Business plan vision fails to stem Labour enthusiasm for public ownership
Following the water industry’s pledge to boost spending and cut bills through to 2025, Labour leader Jeremy Corbyn continued his party’s campaign to bring the sector back into public ownership.
On Friday, he issued the multiple criticisms of: quadrupled shareholder value since privatisation; investment lower than in 1990; household bills up 40%; and 7.5 trillion litres lost to leakage between 2010-17, which the party said was equivalent to the total volume of Loch Ness.
Corbyn said: “Water should be provided for public good, not private profit. Thanks to the failures of privatised water companies, our water infrastructure is crumbling, and people are forced to pay through the nose for services. Under Labour’s plans to bring our water system into public ownership, profits will be reinvested so that households across the UK have better services and lower bills.”
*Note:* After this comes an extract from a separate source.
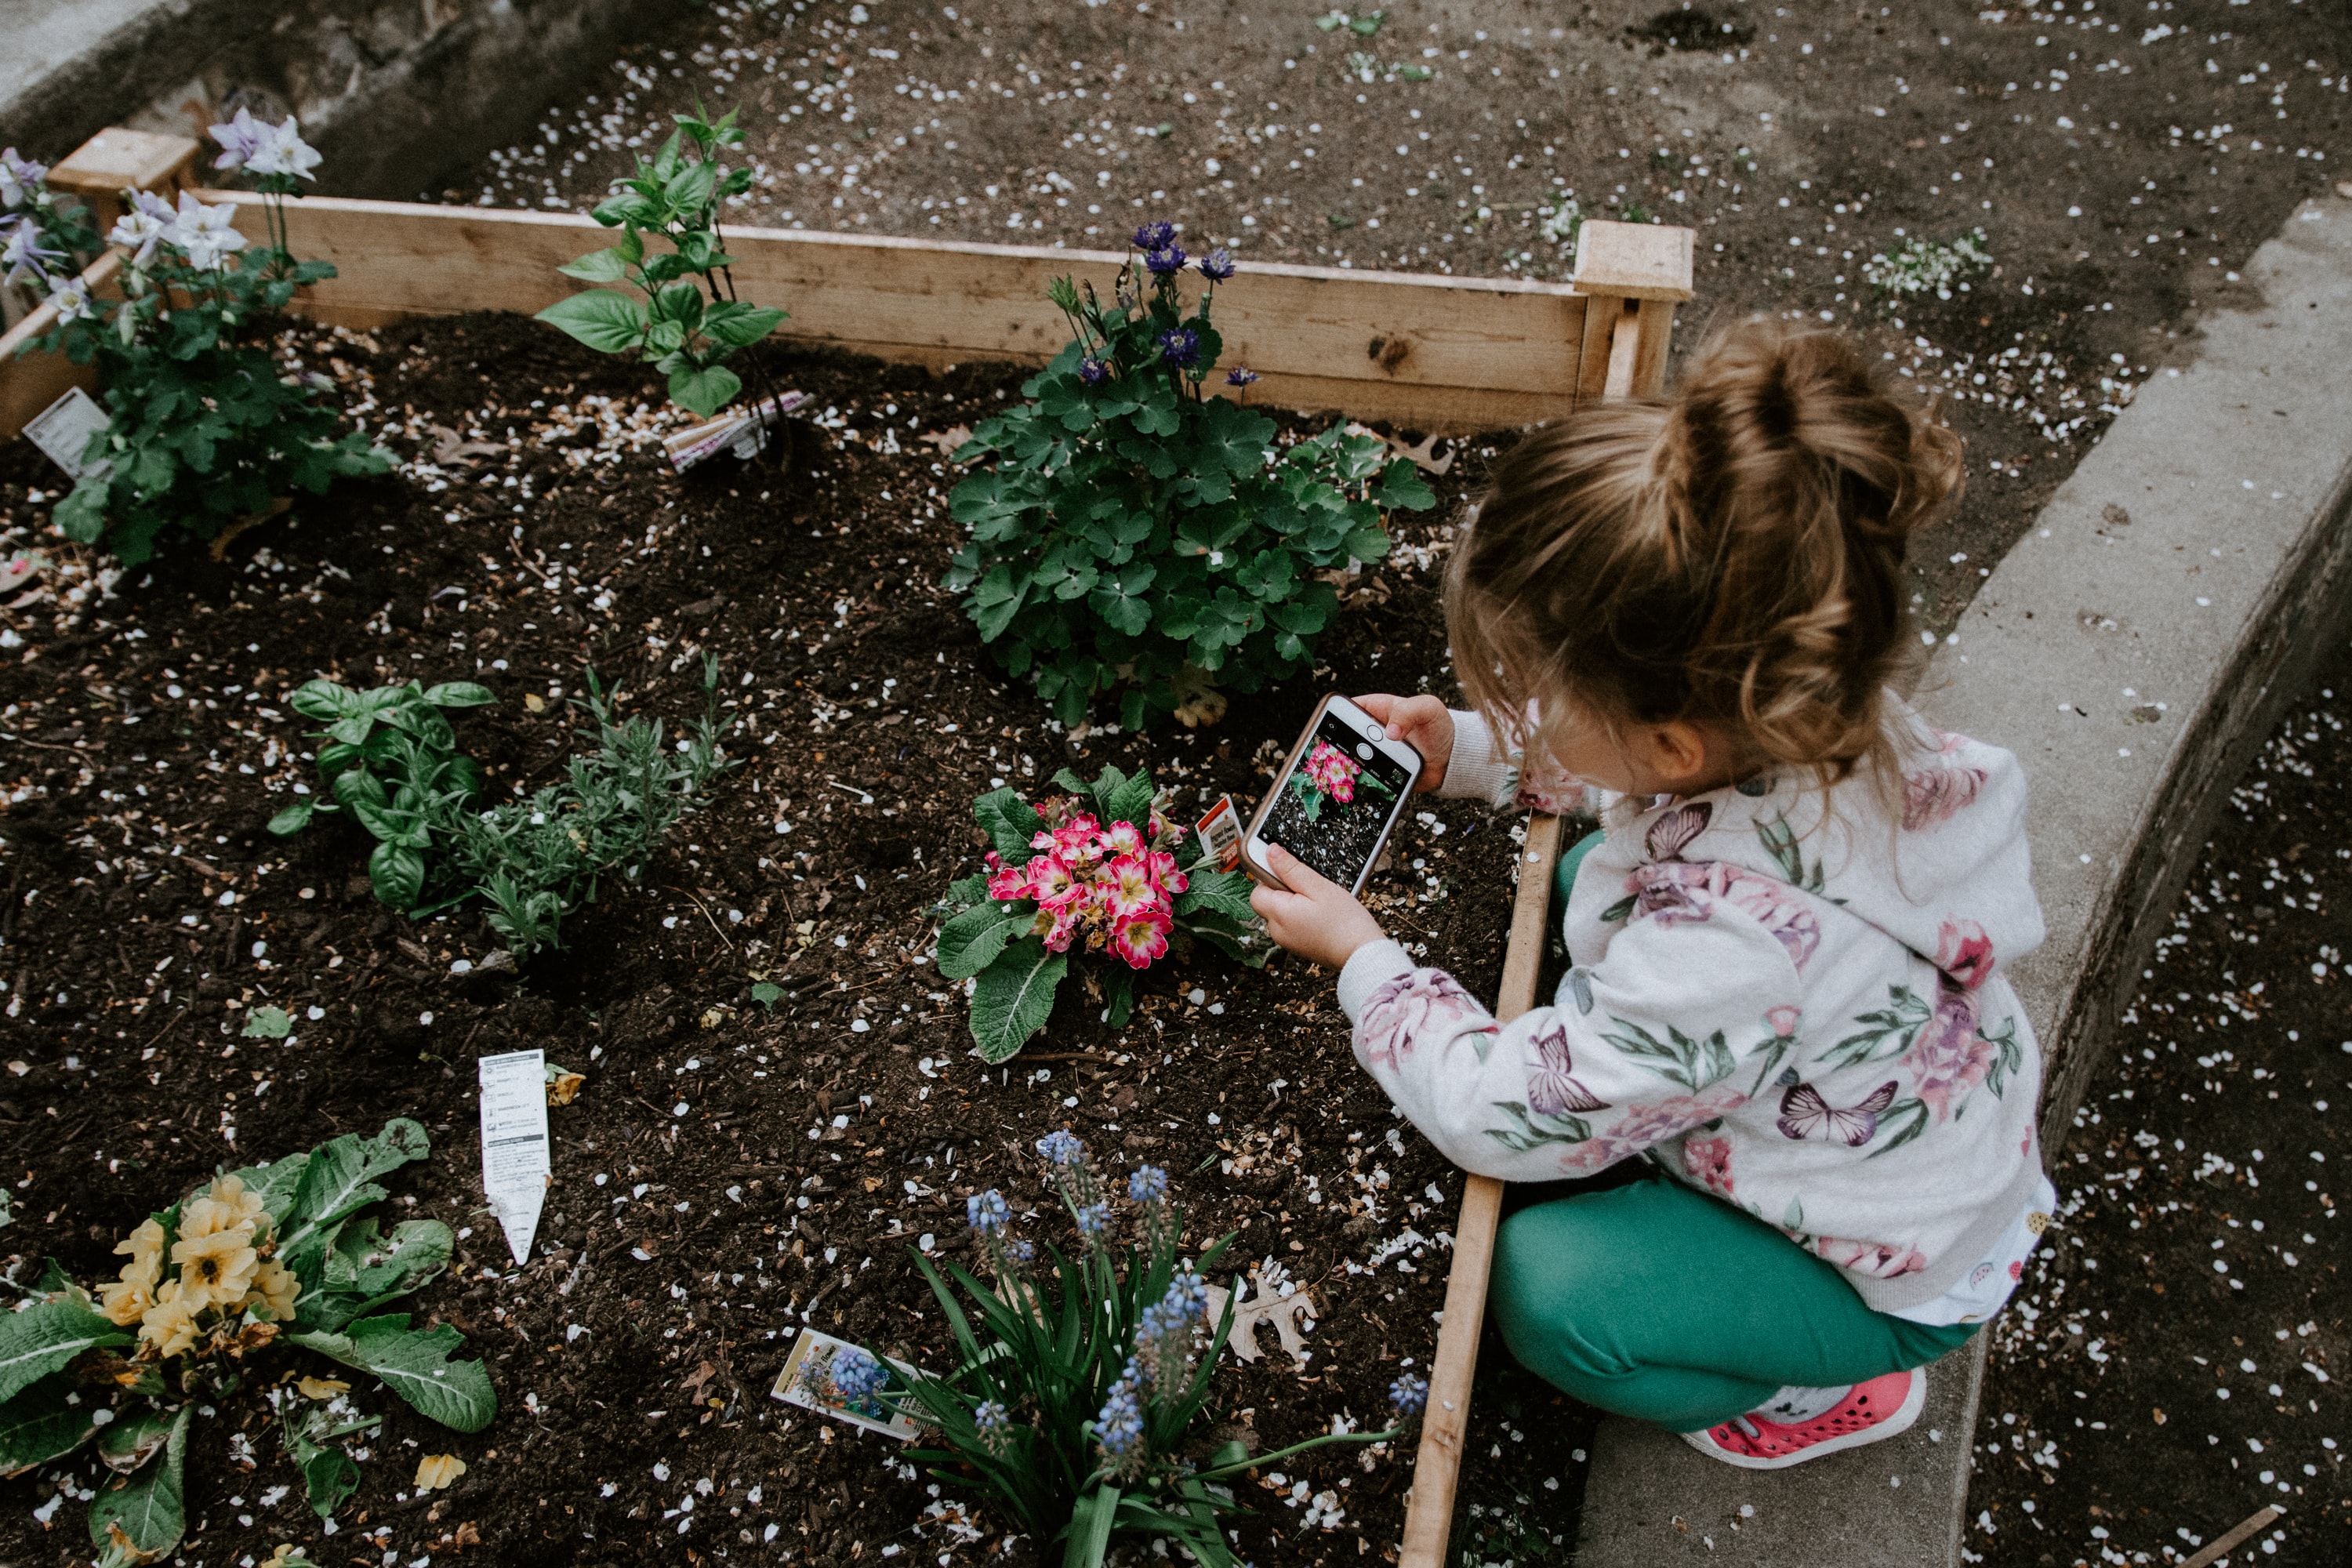 Gardening is a great activity for kids

Rebecca Long Bailey, Labour’s shadow business secretary, added: “These figures show that the current water system is broken. It cannot be right that private companies are ballooning in value while customers pay the price in poor services and rising bills. These companies operate regional monopolies, giving customers no choice in who supplies their water. Labour will replace this dysfunctional system with a network of regional, publicly-owned water companies. Surplus profits will be reinvested in improving vital infrastructure and reducing customer bills.”
Water UK chief executive Michael Roberts responded: “As an industry we’ve invested £150bn since privatisation, which has helped to cut leakage by a third and improve services. Water companies have just announced plans to invest an extra £10 billion a year to improve the water network, cut bills in real terms, and reduce leakage even further - all based on the views of over 5 million customers.
“In making the investment needed by the industry to tackle the big challenges posed by climate change and an increasing population, it’s not clear that government-owned water companies would win the fight for taxpayers’ money every year in competition with health and education.”
Labour is expected to set out more detail of its nationalisation plan at its annual party conference later this month.